RefactorCoderQA：面向云与边缘部署的多领域代码问题解决方案的LLM基准测试 (RefactorCoderQA: Benchmarking LLMs for Multi-Domain Coding Question Solutions in Cloud and Edge Deployment)

To optimize the reasoning and problem-solving capabilities of Large Language Models (LLMs), we propose a novel cloud-edge collaborative architecture that enables a structured multi-agent prompting framework. This framework comprises three specialized components: GuideLLM, a lightweight model deployed at the edge to provide methodological guidance; SolverLLM, a more powerful model hosted in the cloud and responsible for generating code solutions; and JudgeLLM, an automated evaluator for assessing solution correctness and quality. To evaluate and demonstrate the effectiveness of this architecture in realistic settings, we introduce RefactorCoderQA, a comprehensive benchmark designed to evaluate and enhance the performance of LLMs across multi-domain coding tasks. Motivated by the limitations of existing benchmarks, RefactorCoderQA systematically covers multiple technical domains, including Software Engineering, Data Science, Machine Learning, and Natural Language Processing, using authentic coding challenges sourced from Stack Overflow. We propose RefactorCoder-MoE, a fine-tuned mixture-of-experts (MoE) code language model based on DeepSeek-Coder-7B-Instruct, adapted to the RefactorCoderQA benchmark using QLoRA for domain-specific coding question answering.
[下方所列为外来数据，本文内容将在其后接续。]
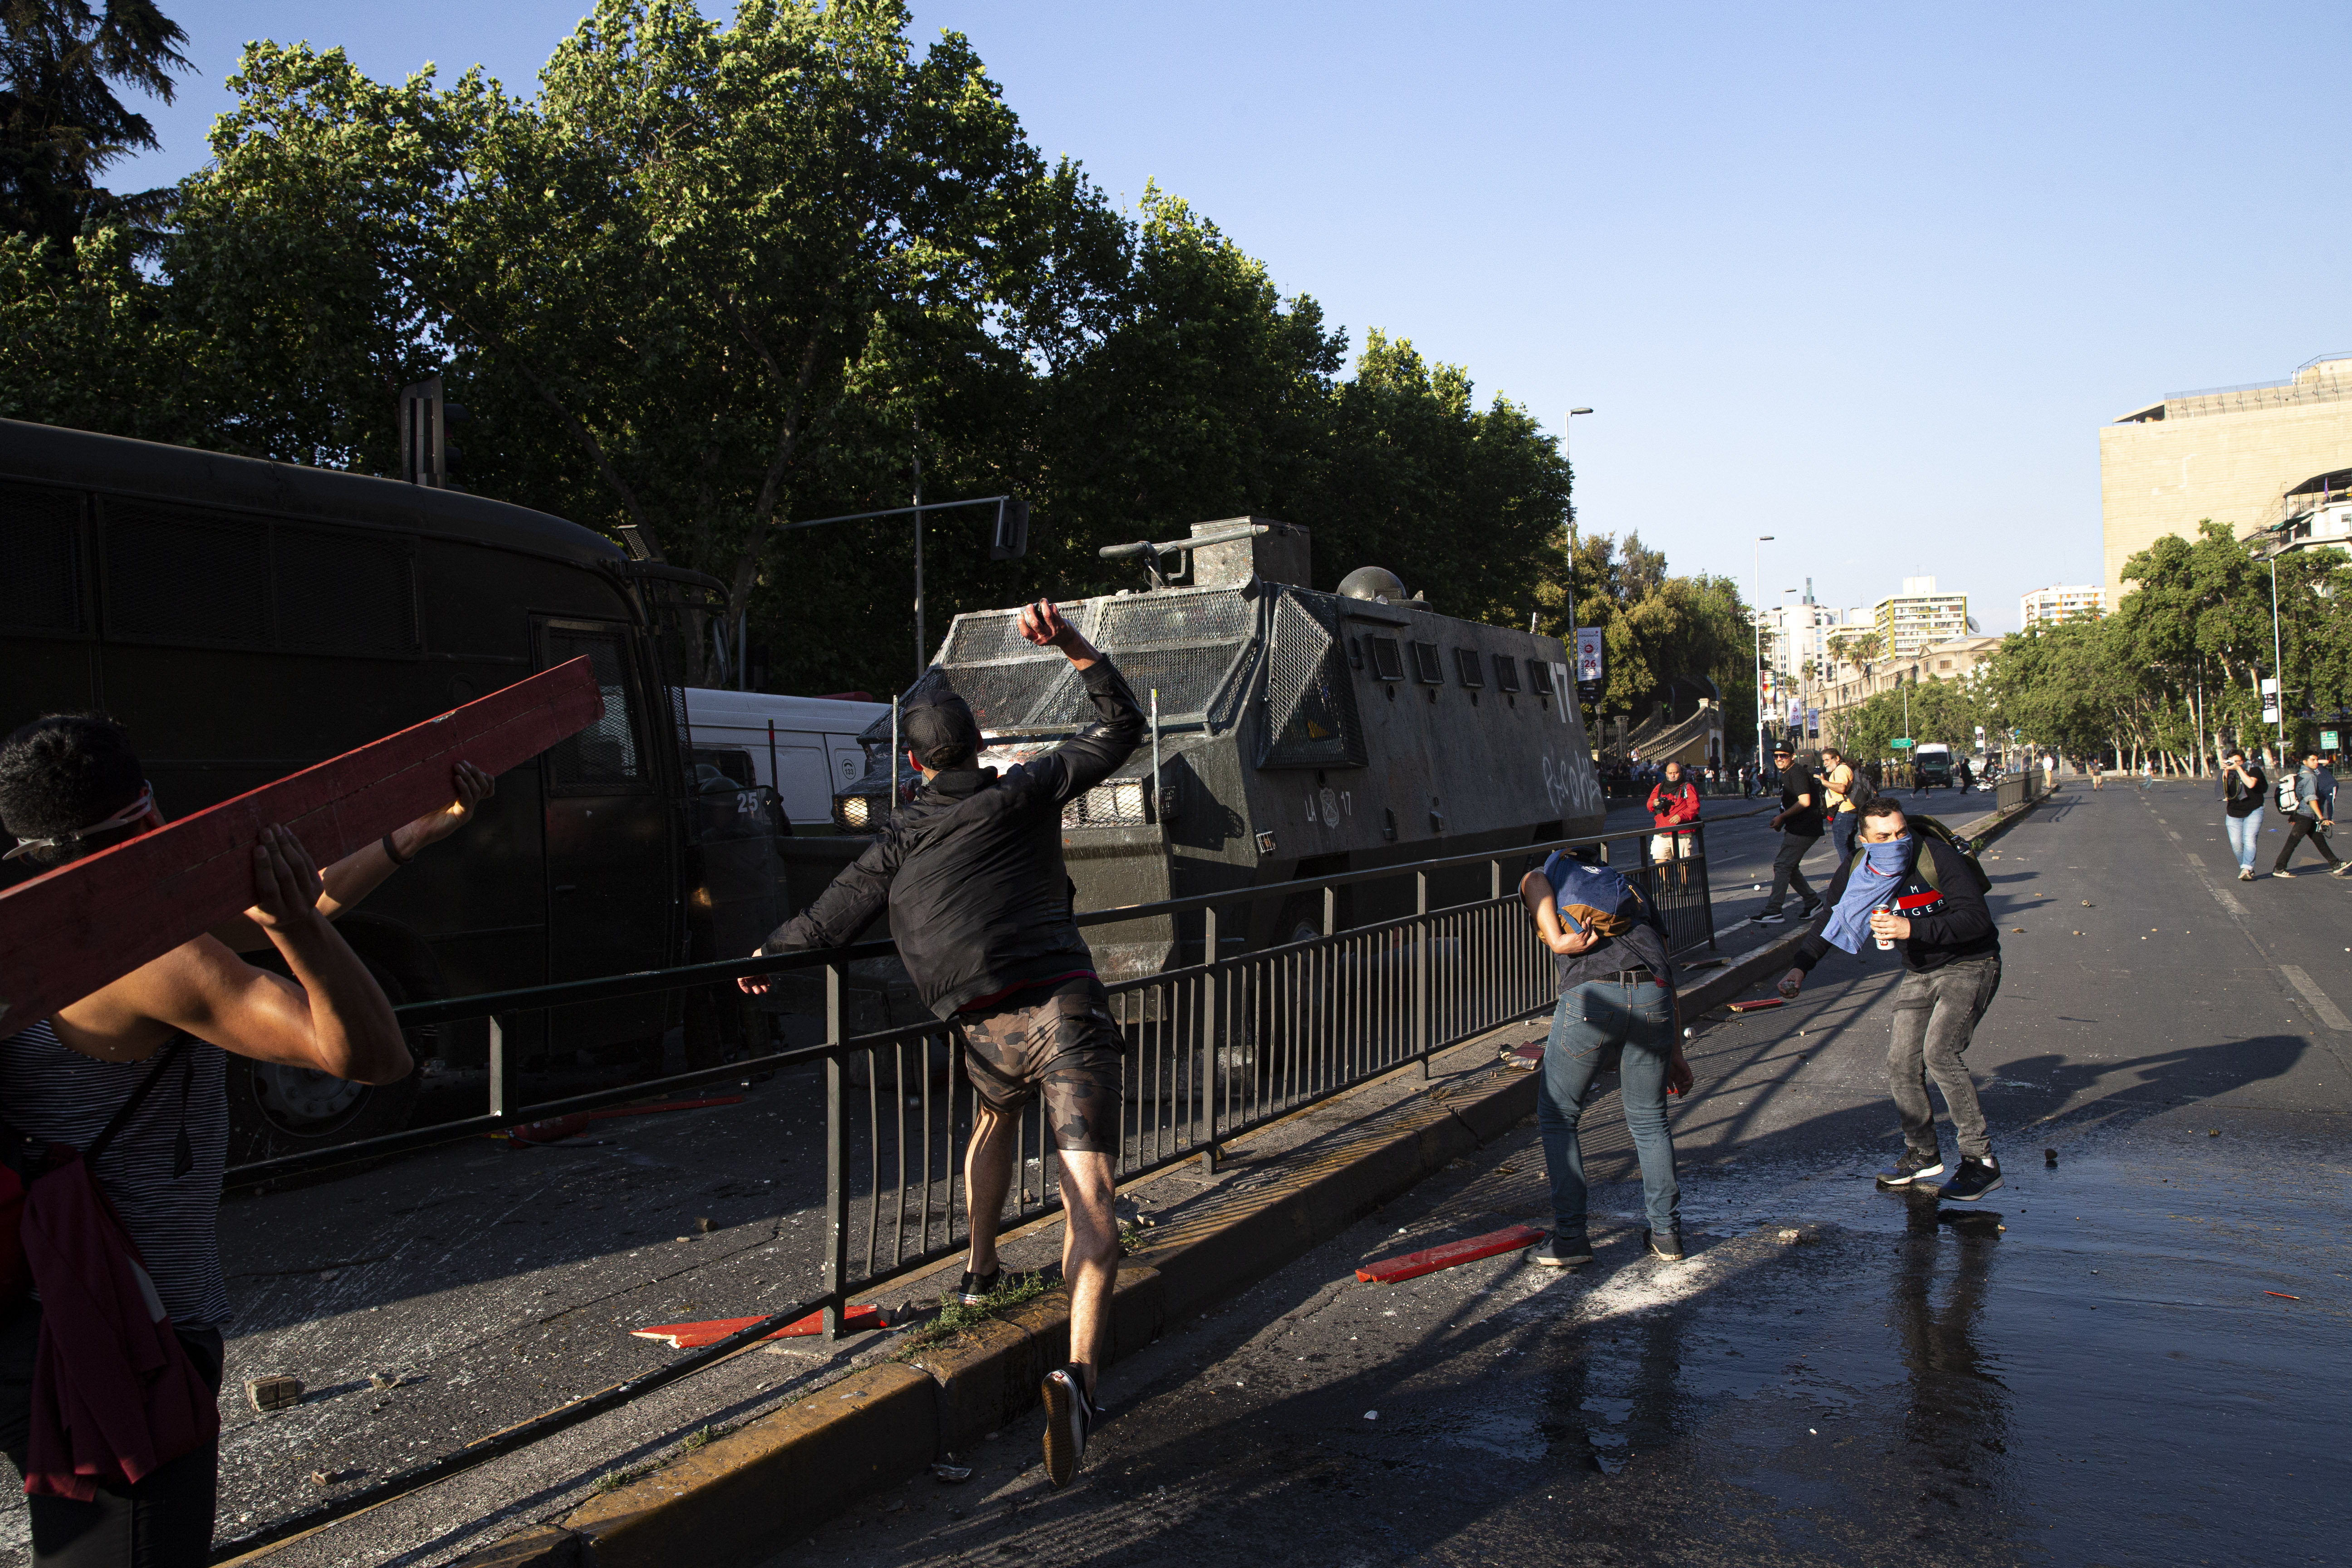 A protester throws a rock at a water cannon during clashes with police in front of the Santa Lucia subway station during a protest against the rising cost of subway and bus fares, in Santiago, Friday, Oct. 18, 2019. (AP Photo/Esteban Felix)

Extensive experiments demonstrate that RefactorCoder-MoE achieves strong and competitive performance, significantly outperforming all evaluated open-source and commercial baselines, with an overall accuracy of 76.84%.

翻译：为优化大型语言模型（LLMs）的推理与问题解决能力，我们提出了一种新颖的云边协同架构，该架构实现了一个结构化的多智能体提示框架。该框架包含三个专门化组件：GuideLLM，一个部署在边缘的轻量级模型，负责提供方法学指导；SolverLLM，一个部署在云端、能力更强的模型，负责生成代码解决方案；以及JudgeLLM，一个用于评估解决方案正确性与质量的自动化评估器。为了在真实场景中评估并展示该架构的有效性，我们引入了RefactorCoderQA，这是一个旨在评估和提升LLMs在多领域编码任务中性能的综合基准。受现有基准局限性的启发，RefactorCoderQA系统性地覆盖了软件工程、数据科学、机器学习和自然语言处理等多个技术领域，所使用的真实编码挑战均源自Stack Overflow。我们提出了RefactorCoder-MoE，这是一个基于DeepSeek-Coder-7B-Instruct进行微调的混合专家（MoE）代码语言模型，它使用QLoRA技术适配于RefactorCoderQA基准，以用于领域特定的代码问答任务。大量实验表明，RefactorCoder-MoE取得了强劲且具有竞争力的性能，显著优于所有评估的开源和商业基线模型，其总体准确率达到76.84%。